The quality of the data and the model can be assessed directly from a scatter plot of pK _a,pred vs. pK _a,exp. A variety of plots have been widely used in REGDIA regression diagnostics [18], but the most efficient diagnostic seems to be the Williams graph with two boundary lines. The first line is horizontal, and points above this line are detected as the outliers: y=t _0.95(n−m−1). The second line is vertical, and points located on its right side are detected as the high leverages: x = 2m/n. Note that t _0.95(n−m−1) is the 95% quantile of the Student distribution with (n−m−1) degrees of freedom. The Williams graph contains the diagonal elements on its x-axis and the jackknife residuals on its y-axis.

Experimental

Procedure for examining the accuracy

The procedure for examining influential points in the data, and for constructing a linear regression model using the REGDIA program, has been described in detail previously [18]. The least squares straight-line fitting of the proposed regression model, pK _a,pred=β ₀ + β ₁ pK _a,exp (with a 95% confidence interval) and the regression diagnostics for identifying outlying pK _a,pred values detect suspicious points (S) or outliers (O) using the preferred Williams graph. The statistical significance of both parameters β ₀ and β ₁ of the straight-line regression model pK _a,pred=β ₀(s ₀, A or R) + β₁(s ₁, A or R) pK _a,exp is tested in REGDIA using the Student t-test, where A or R refer to whether the tested null hypothesis H₀: β₀ = 0 vs. H_A: β₀ ≠ 0 and H₀: β₁ = 1 vs. H_A: β₁ ≠ 1 is either Accepted or Rejected. The standard deviations s ₀ and s ₁ of the actual parameters β ₀ and β ₁ are estimated. A statistical test of the total regression is performed using a Fisher–Snedecor F-test, and the calculated significance level P is enumerated. The correlation coefficient R and the determination coefficient R ² are computed. The mean quadratic error of prediction MEP, the Akaike information criterion AIC and the predictive coefficient of determination \(R^{2}_{{\text{P}}} \) (a percentage) are calculated to examine the quality of the model.
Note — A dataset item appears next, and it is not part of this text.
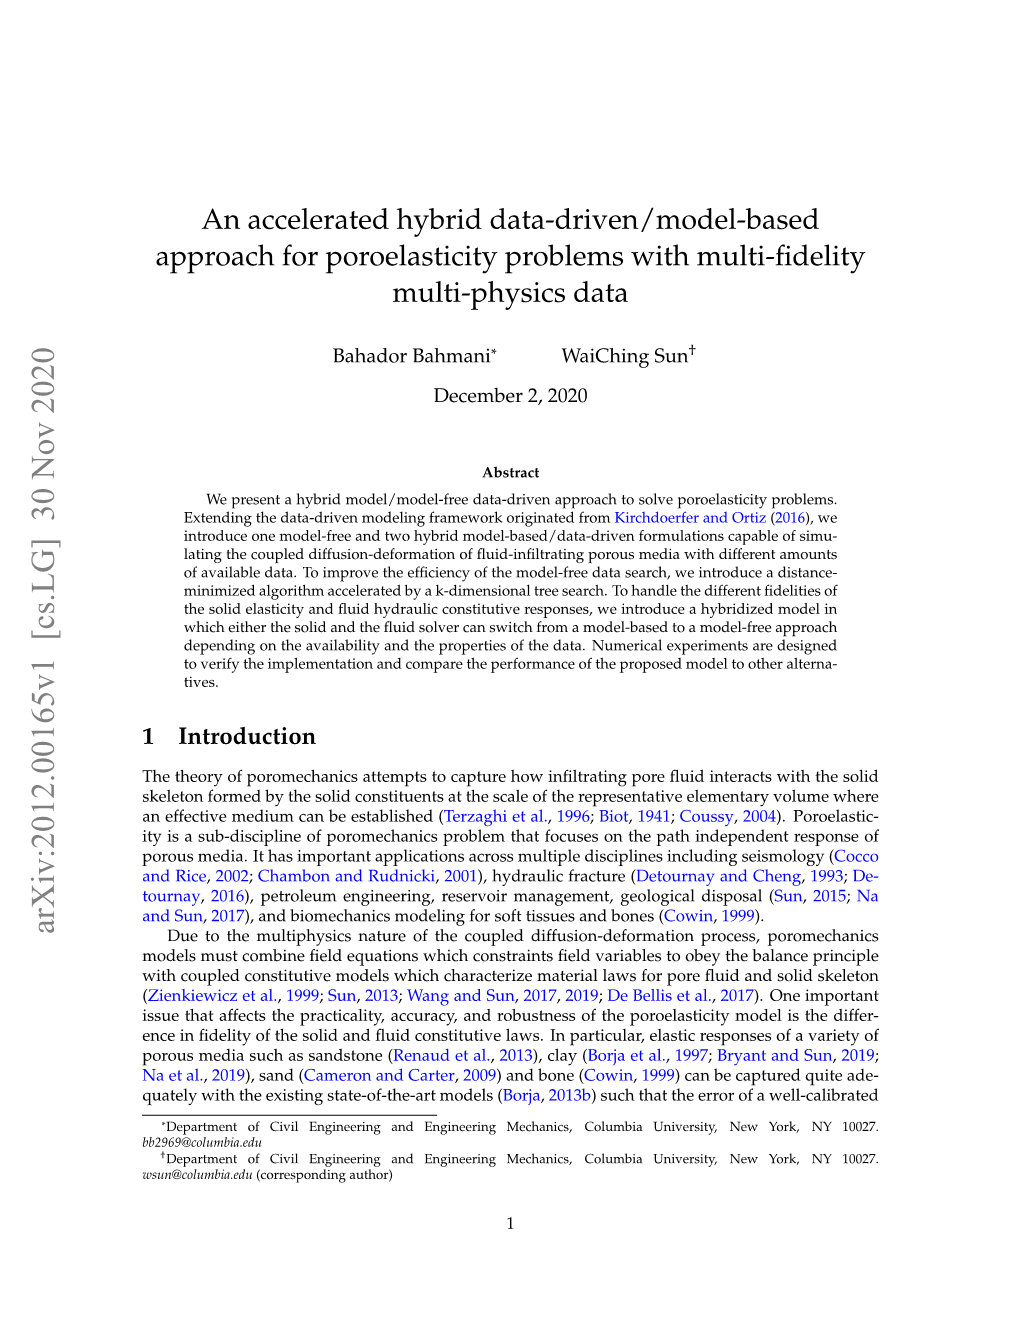 An Accelerated Hybrid Data-Driven/Model-Based Approach for Poroelasticity Problems with Multi-ﬁdelity Multi-Physics Data

Based on whether the conditions required for the least-squares method are fulfilled, and the results of the regression diagnostics, a more accurate regression model without outliers is constructed, and its statistical characteristics are examined. Outliers should also be elucidated.

Datasets

Three different validation datasets (Dataset a, Dataset b and Dataset c), taken from the literature [21–23], were used to examine the accuracies of the four different algorithms. The authors then used the PALLAS, MARVIN and SPARC web calculators and predicted the pK _a values for 64 drugs (Table 1) from three datasets (see Table 1):

(a)
The first validation data (Dataset a), assembled from several published studies [6, 24] of the accuracy of pK _a data, were taken from a paper by Rekker et al. [6]; the pK _a values for 21 drugs were available through the ACD/pK _a method and the results are summarized in Table 1. This physiochemical dataset has also been used in other papers [24–29].
(b)
The second validation data (Dataset b) employed the ACD/pK _a approach, in which the experimental values reported by Slater et al. [7] were compared; the results are summarized in Table 1. This paper contains the pK _a values of 25 compounds, including six substituted phenols, two substituted quinolines, N-methylaniline, five barbiturate derivatives, two phenothiazines, and several other molecules of pharmaceutical interest, which were determined by a potentiometric technique at 25 °C and an ionic strength 0.1 M (KNO₃). These data were derived from the PHYSPROP database (http://www.syrres.com), a commercial dataset of experimental data for physical properties, which references the original papers that the data were compiled from. It has already been used successfully by other researchers to obtain a pK _a validation model. Engvist and Wrede [31] used several rules and filters to eliminate unwanted compounds from a group of 41040 compounds in order to obtain a data sample representing a drug-like chemical space, comprising compounds that were expected to be present in the drug manufacturing pipeline.
(c)
The third set of validation data (Dataset c) [8, 30] comprised the results from titrometric measurements made on 18 selected drugs (which were compared to the ACD/pKa predictions for these drugs in [8].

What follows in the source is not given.